Most fault diagnosis studies rely on the man-made data collected in laboratory where the operation conditions are under control and stable. However, they can hardly adapt to the practical conditions since the man-made data can hardly model the fault patterns across domains. Aiming to solve this problem, this paper proposes a novel deep fault semantic fusion embedding model (DFSFEM) to realize zero-shot intelligent fault diagnosis. The novelties of DFSFEM lie in two aspects. On the one hand, a novel semantic fusion embedding module is proposed to enhance the representability and adaptability of the feature learning across domains. On the other hand, a neural network-based metric module is designed to replace traditional distance measurements, enhancing the transferring capability between domains.
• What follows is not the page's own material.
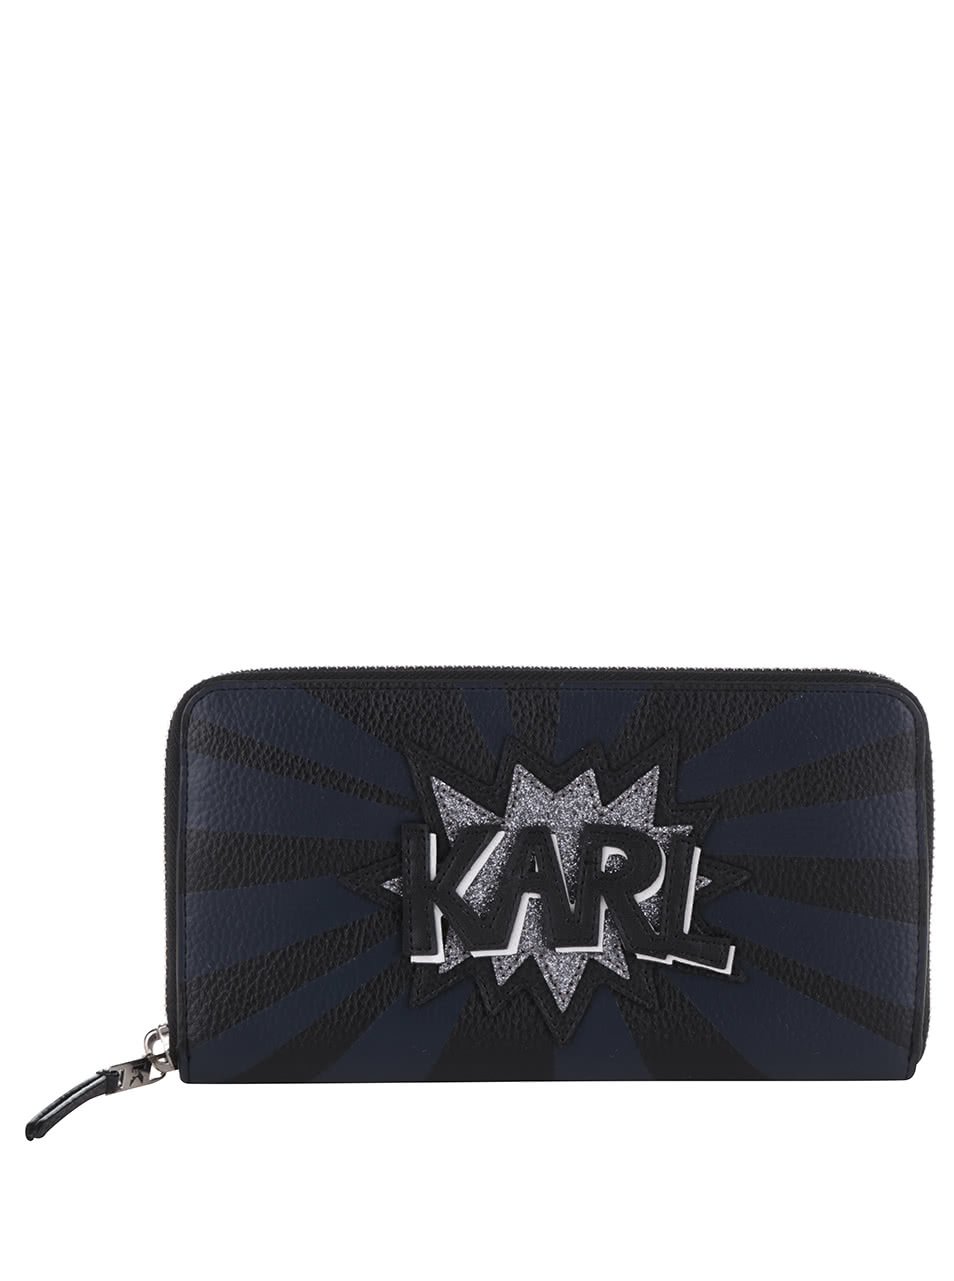 Modro-černá peněženka na zip s nápisem KARL LAGERFELD

These novelties jointly help DFSFEM provide prominent faithful diagnosis on unseen fault types. Experiments on bearing datasets are conducted to evaluate the zero-shot intelligent fault diagnosis performance. Extensive experimental results and comprehensive analysis demonstrate the superiority of the proposed DFSFEM in terms of diagnosis correctness and adaptability.
基于语义融合嵌入的零间隔智能故障诊断
大多数故障诊断研究依赖于实验室采集的人工数据,实验室的运行条件是可控和稳定的。然而,由于人工数据难以跨域模拟断层模式,因此难以适应实际情况。针对这一问题,本文提出了一种新的深断层语义融合嵌入模型(DFSFEM)来实现零距智能故障诊断。DFSFEM的新颖之处在于两个方面。一方面,提出了一种新的语义融合嵌入模块,增强了特征学习的可表征性和跨域适应性;另一方面,设计了基于神经网络的度量模块来取代传统的距离度量,增强了域间的传递能力。这些新特性共同帮助DFSFEM对未见过的故障类型提供突出的可靠诊断。在轴承数据集上进行了实验,以评估零射击智能故障诊断的性能。大量的实验结果和综合分析证明了所提出的DFSFEM在诊断正确性和适应性方面的优越性。
本文章由计算机程序翻译,如有差异,请以英文原文为准。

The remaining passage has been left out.